- [Brief]:
Reproduce every line of the data, exactly and without its pictures.

───── Source material ─────

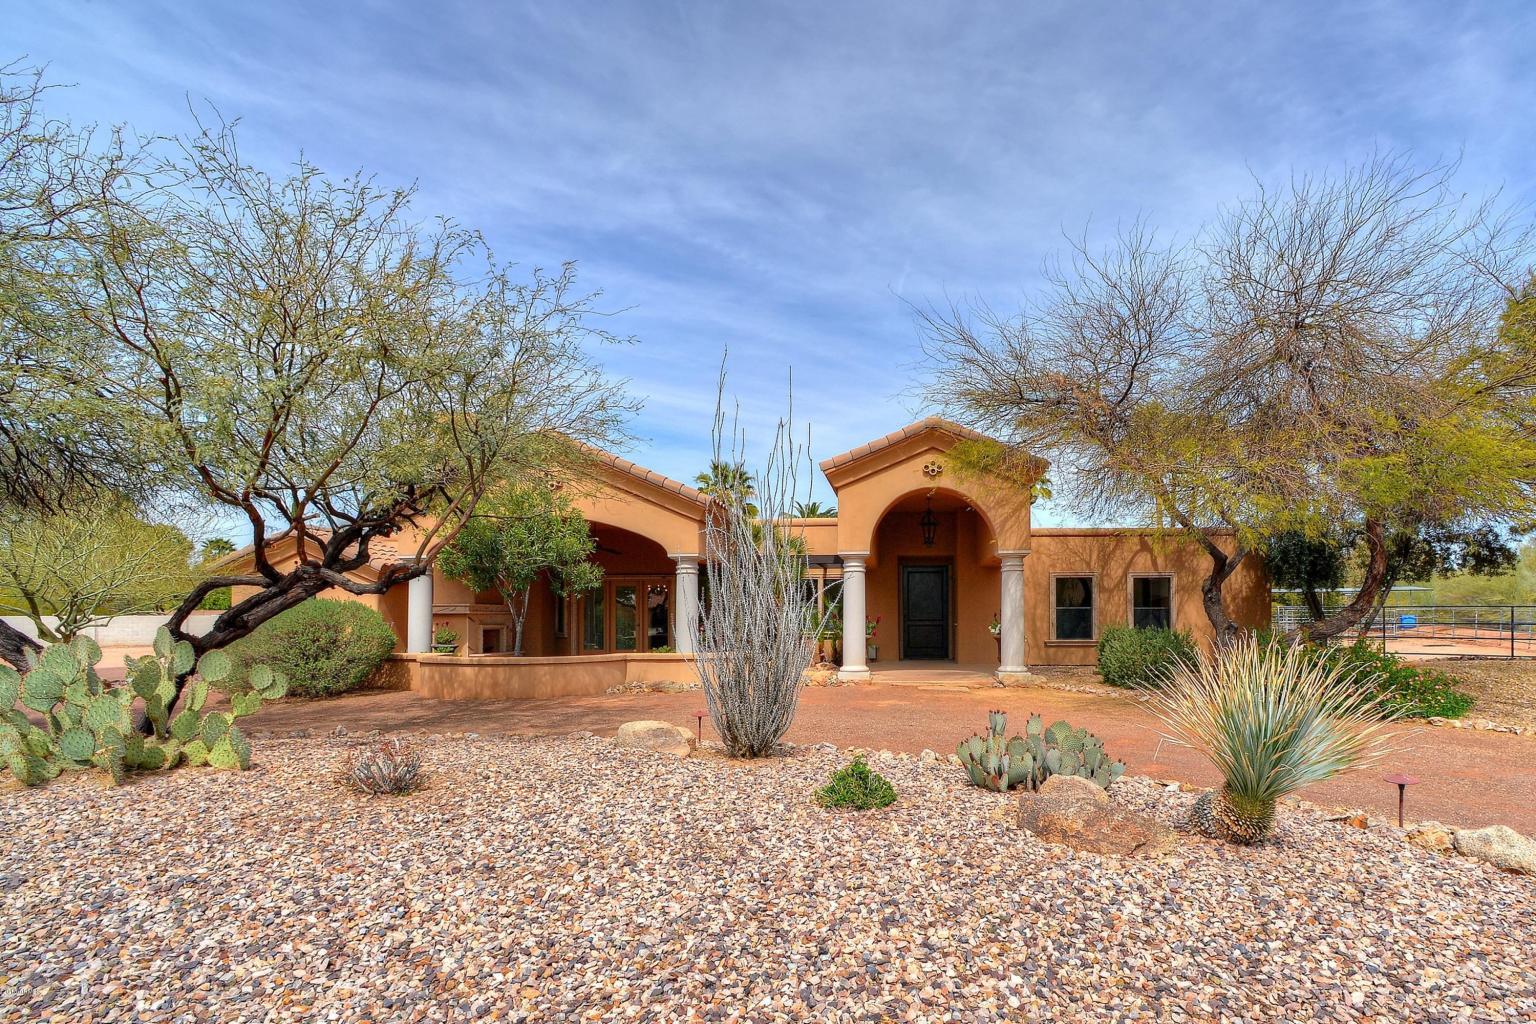 8116 E Gray Rd, Scottsdale | $625,000
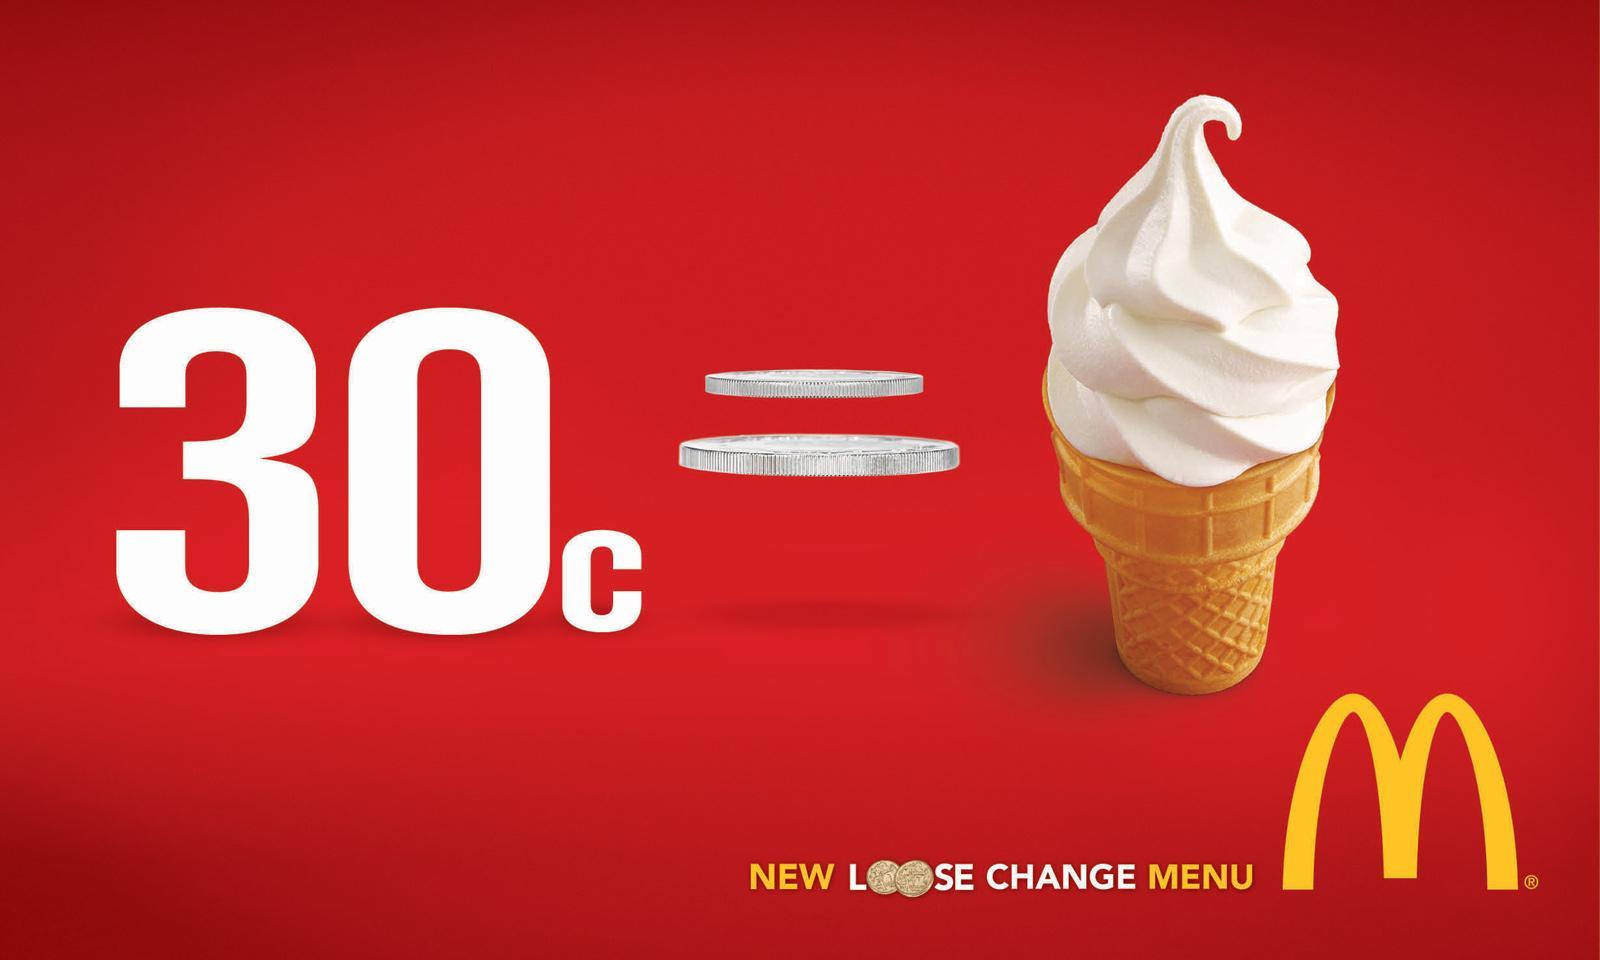 McDonald's Print Ad -  Loose Change, 2
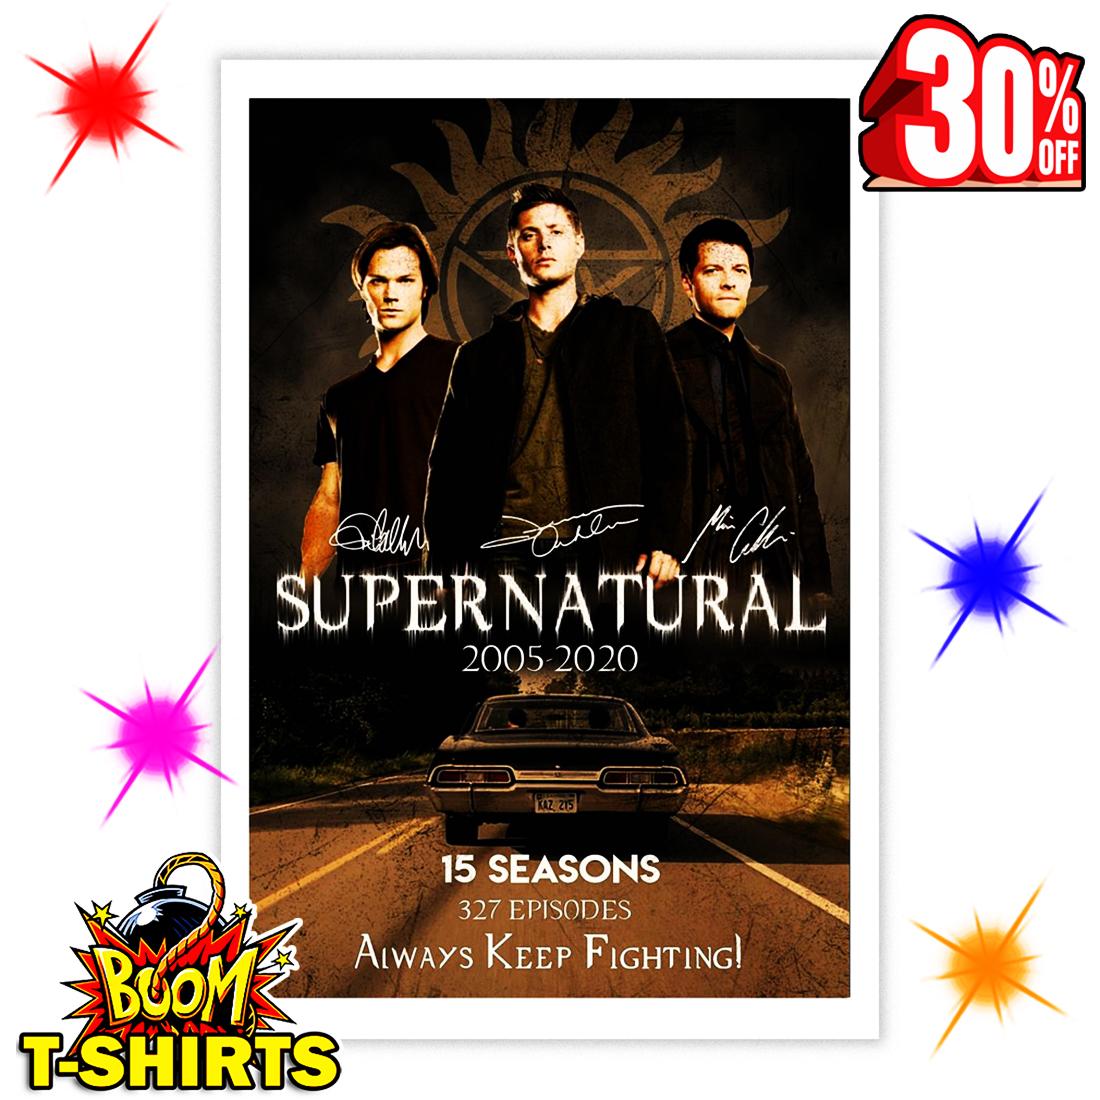 Supernatural 15 Seasons 327 Episodes Always Keep Fighting Signature Poster

─────

- [Response]:
 8116 E Gray Rd, Scottsdale | $625,000
 McDonald's Print Ad -  Loose Change, 2
 Supernatural 15 Seasons 327 Episodes Always Keep Fighting Signature Poster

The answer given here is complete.